To bring empathy and context to decision-makers, I also produced a short video storytelling the journey of a real advisor, showing the friction between administrative silos and human needs.

This narrative became a key communication tool during our pitch to the COMEX, enabling executives to step into the user’s reality and feel the urgency for change.This pitch marked a decisive moment: the project, now named “Suivi de Parcours”, received approval to move forward with a dedicated team.

nterview of a pilot: reviewing the journey of a flight

Screenshot #1 : Interview of a pilot: reviewing the journey of a flight

Prototyping coherence in a fragmented DSI

Following the COMEX validation, my role evolved into that of a strategic design lead, acting as the main contact point for the project and supporting the PM.

Together, we designed an MVP of the new advisor interface, ensuring coherence between technical constraints and the organizational reality of the different IT teams.

Navigating multiple DSI silos with conflicting priorities was one of the hardest challenges — design had to act as a common language between legacy systems, political expectations, and operational needs.

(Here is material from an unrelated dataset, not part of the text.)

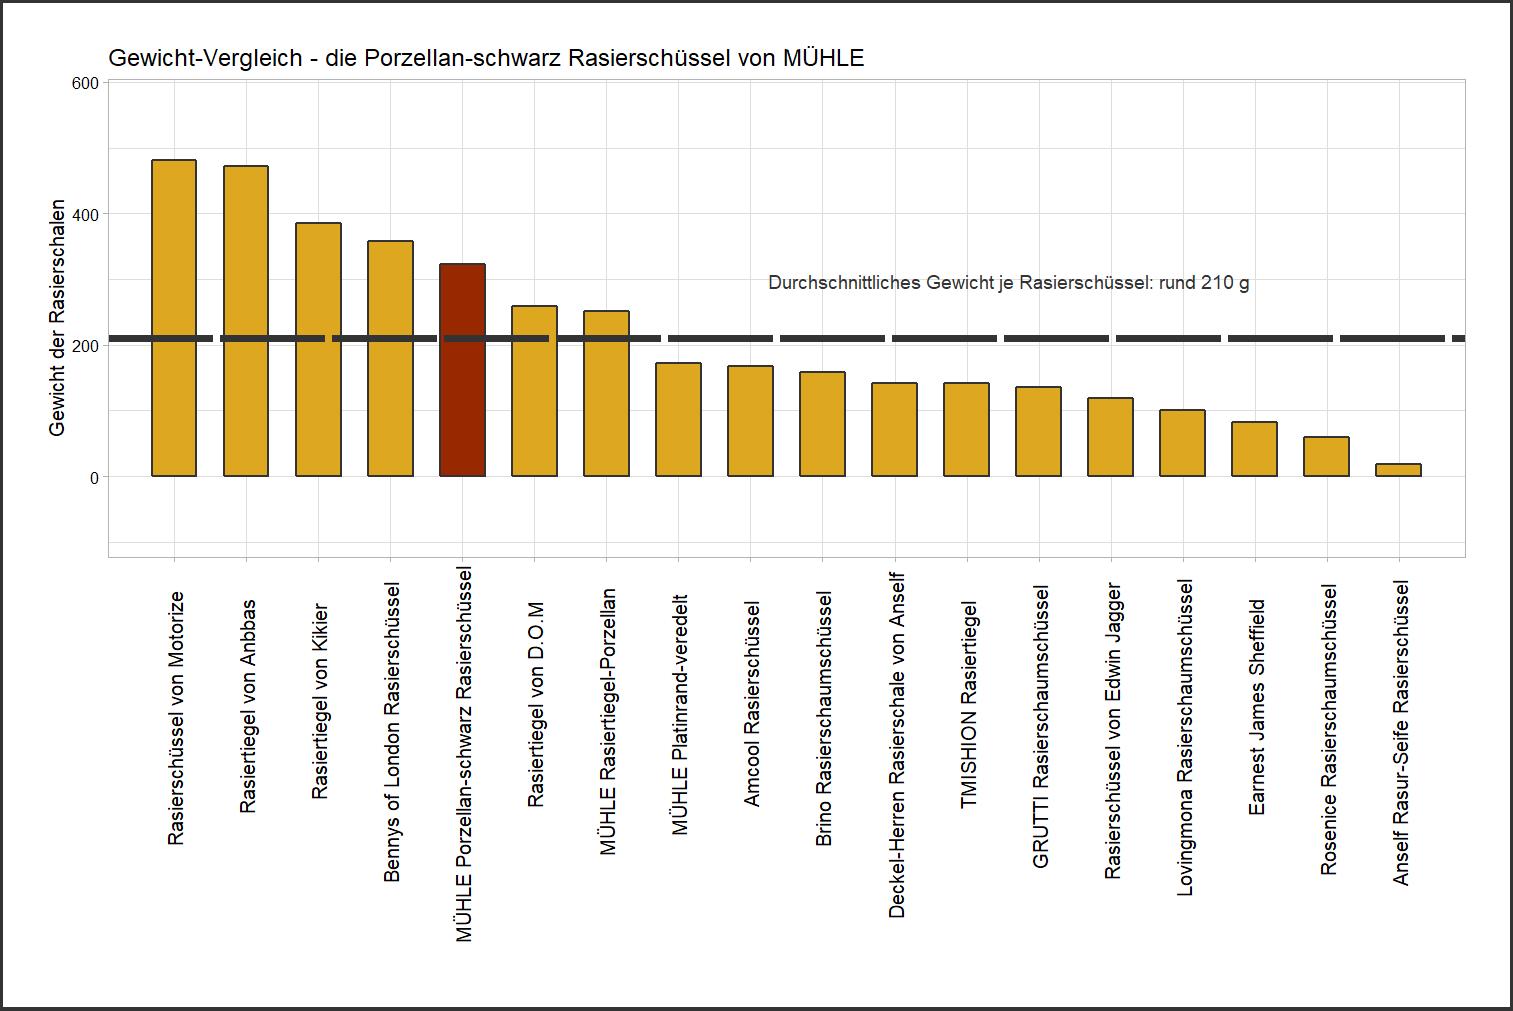 Gewicht-Vergleich von der MÜHLE Rasierschale Porzellan-schwarz
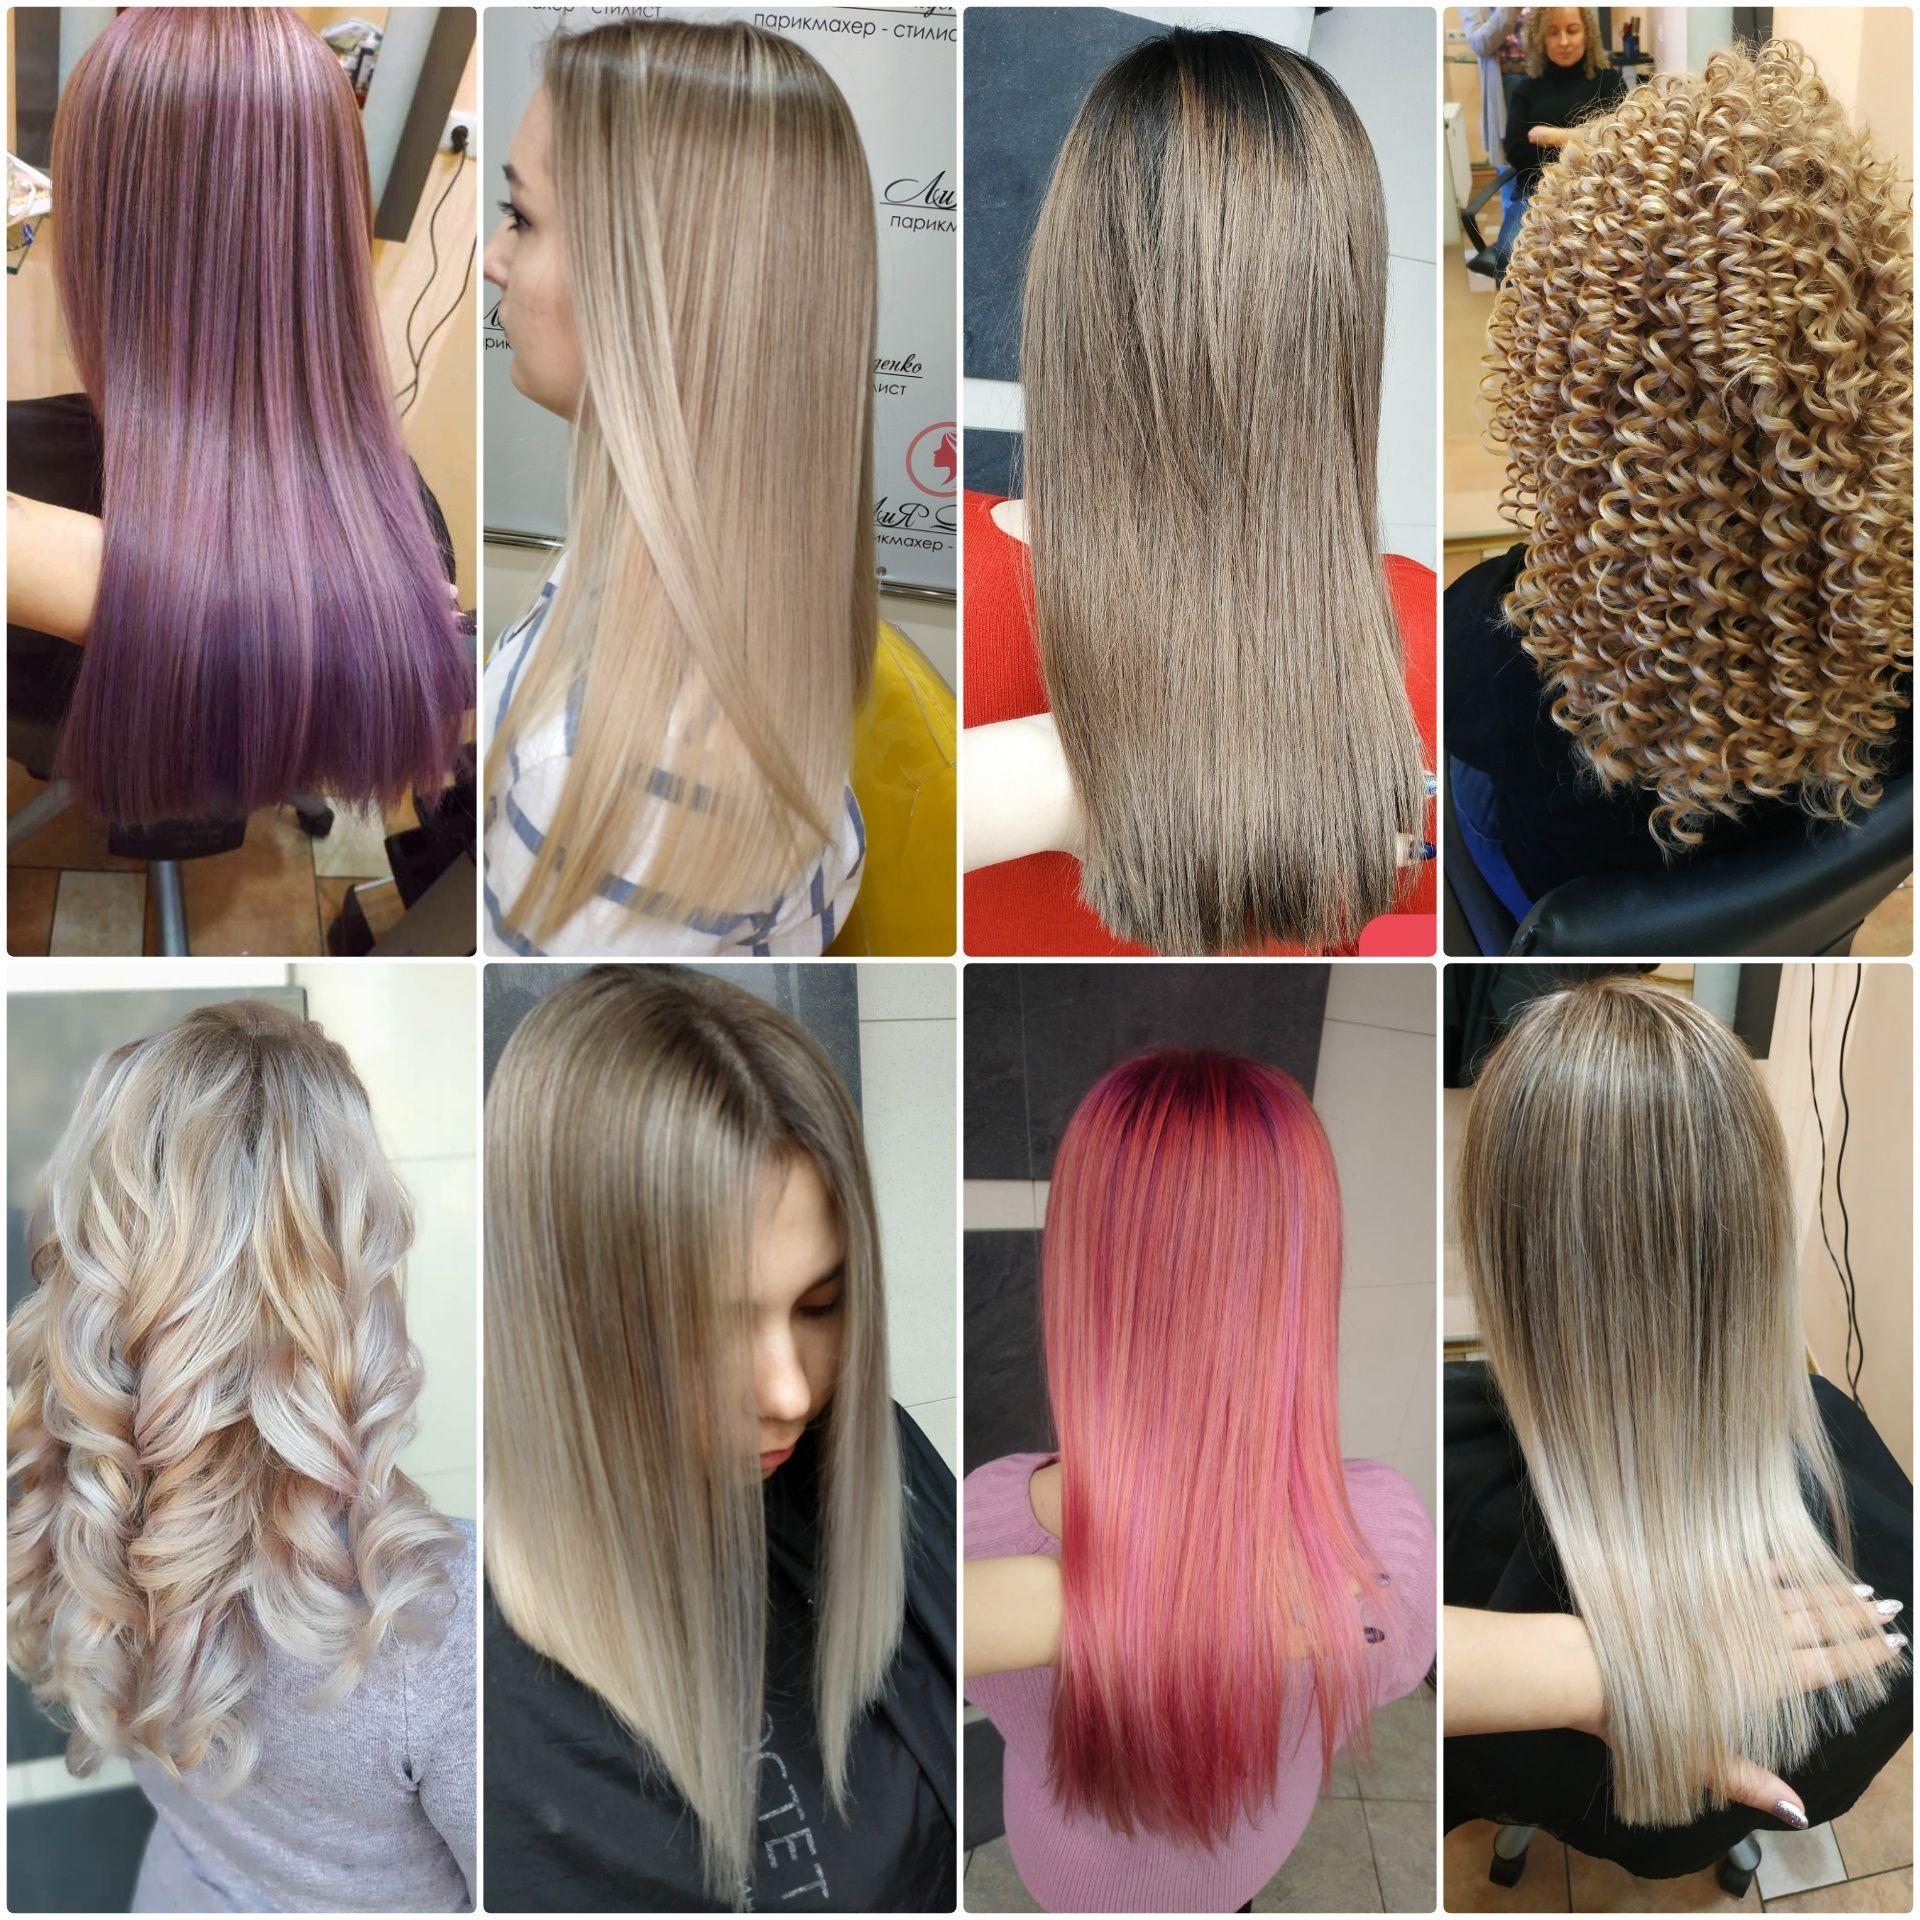 Прически,локоны,окрашивание любой сложности,стрижки,ботокс волос

Through iterative testing with advisors and experts, we refined the prototype to fit real workflows while maintaining alignment with national digital standards.

 

Our hybrid interpretation of the value proposition to include customer intel and user research into solution definition

Our hybrid interpretation of the value proposition to include customer intel and user research into solution definition

Enabling decision-making and adoption

Once the MVP was launched, I supported the PM in establishing a beta testing and feedback system to monitor adoption in the field.

I designed tools using Airtable dashboards to visualize usage and satisfaction data, helping stakeholders track impact in real time and iterate accordingly.

These tracking tools became instrumental in demonstrating early success and securing continued support for the project’s expansion.

🌟 Impact

Suivi de Parcours project showed how design can act as a strategic lever in public transformation — turning a politically sensitive initiative into a shared and actionable roadmap.

By connecting field insights with executive decision-making, I helped France Travail move from policy ambition to practical alignment, proving that even in a fragmented organization, clarity, empathy, and design leadership can drive collective momentum.